Often though, Lynch depicts the difficult side of the death business: cleaning up after gunshot suicides; piecing together the battered faces of murder victims; making bloody home inhabitable again. There's more to the mortuary biz than racking in the cash. And Lynch has few complementary words to say about Jessica Mitford, she of naysaying "The American Way of Death." And of Jack Kevorkian, a local Michigan "character" at the time the book was written, Lynch has barely-concealed loathing. Not because he was bad for business, but because of the path on which Dr. Jack's cavalier treatment of death and illness put us, in this age of convenience and distaste for suffering.

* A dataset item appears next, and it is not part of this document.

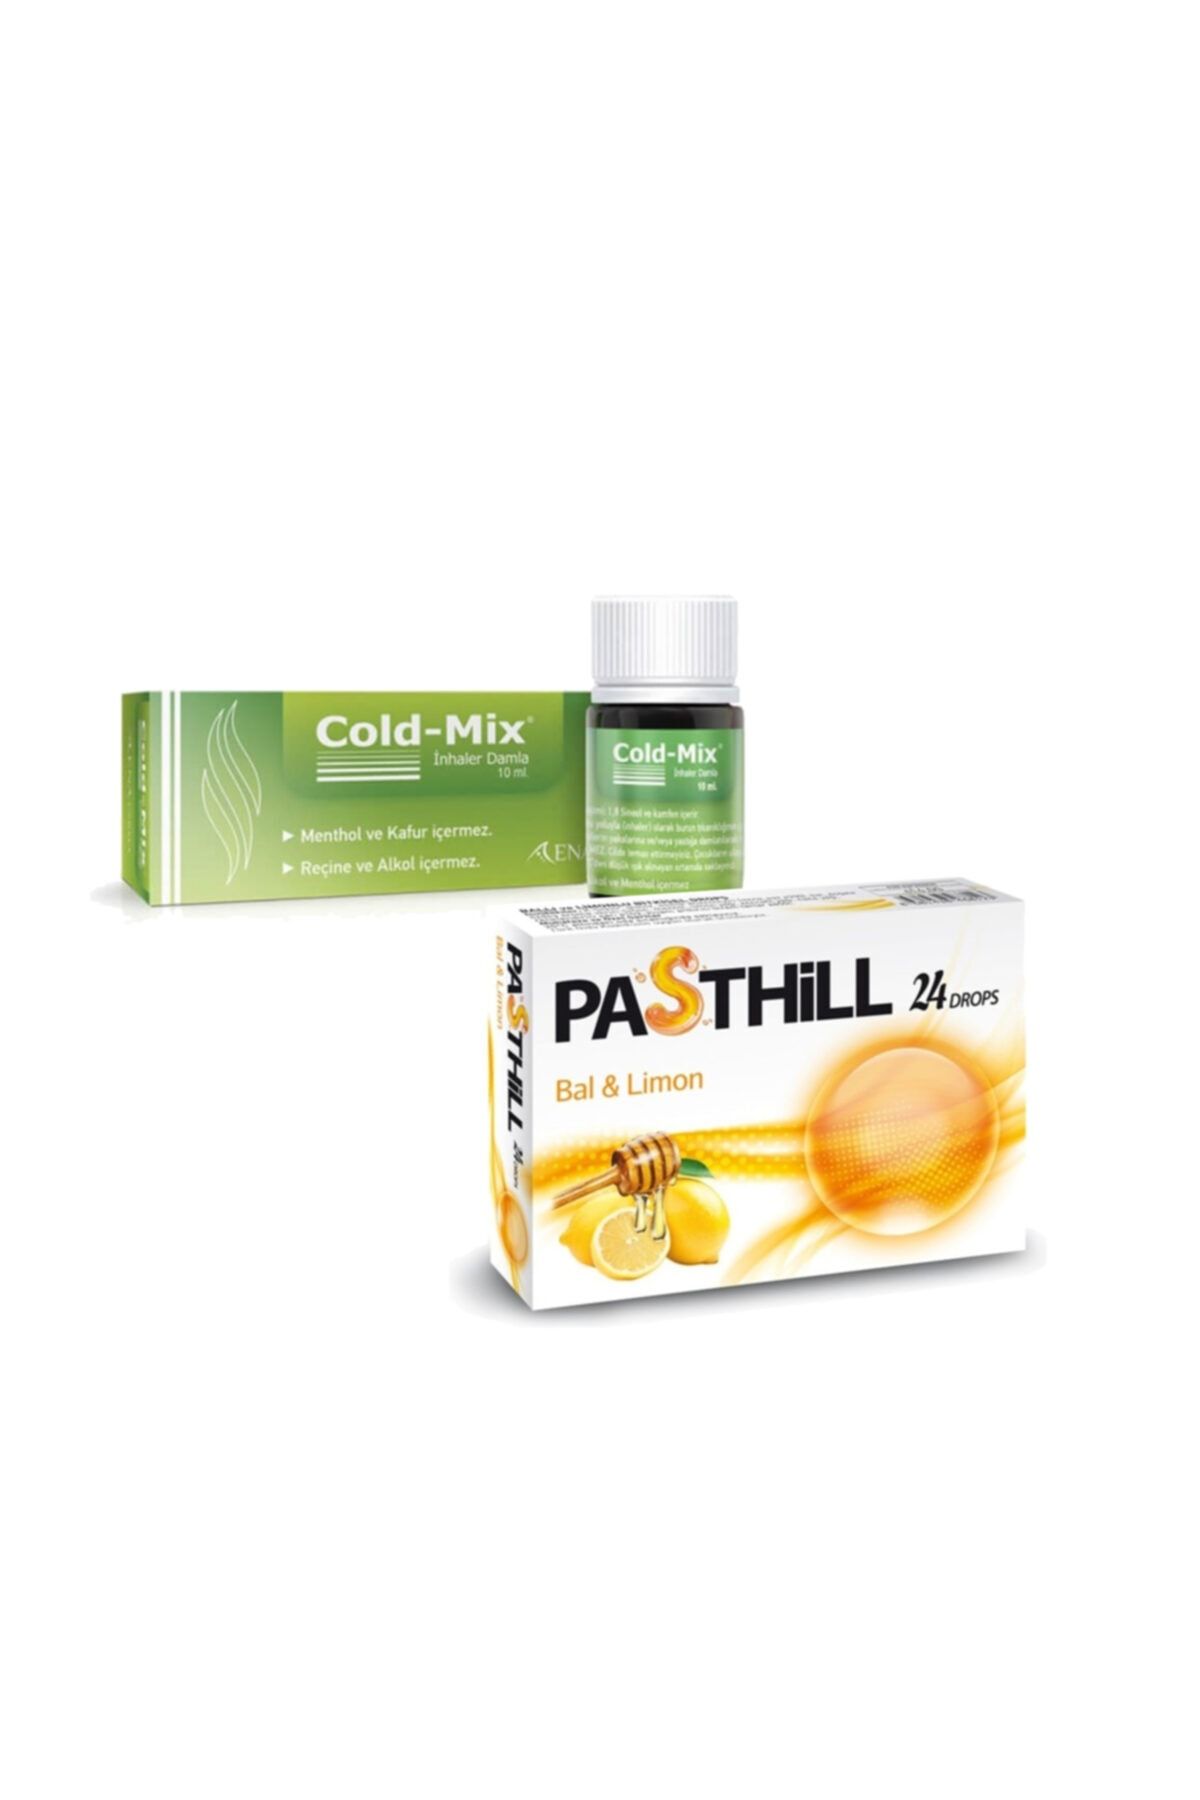 Cold-Mix Inhaler 10 Ml Damla + Pasthill 24 Drops Hediye

Mostly, though, Lynch waxes poetic about life and death -- aside from sex, the poets' (especially the Irish poets') favorite topics. He has a soft heart, bought at high price from years experiencing the tears and traumas of the grieving. He is not embarrassed to say that, while an expensive funeral is no substitute for years of neglect, many people feel, as he does, that it is sometimes a necessary way to move the living past death into new life.
Lynch's "The Undertaking" shows a human sufferer in humble service to the suffering. A wise, warm and precious book.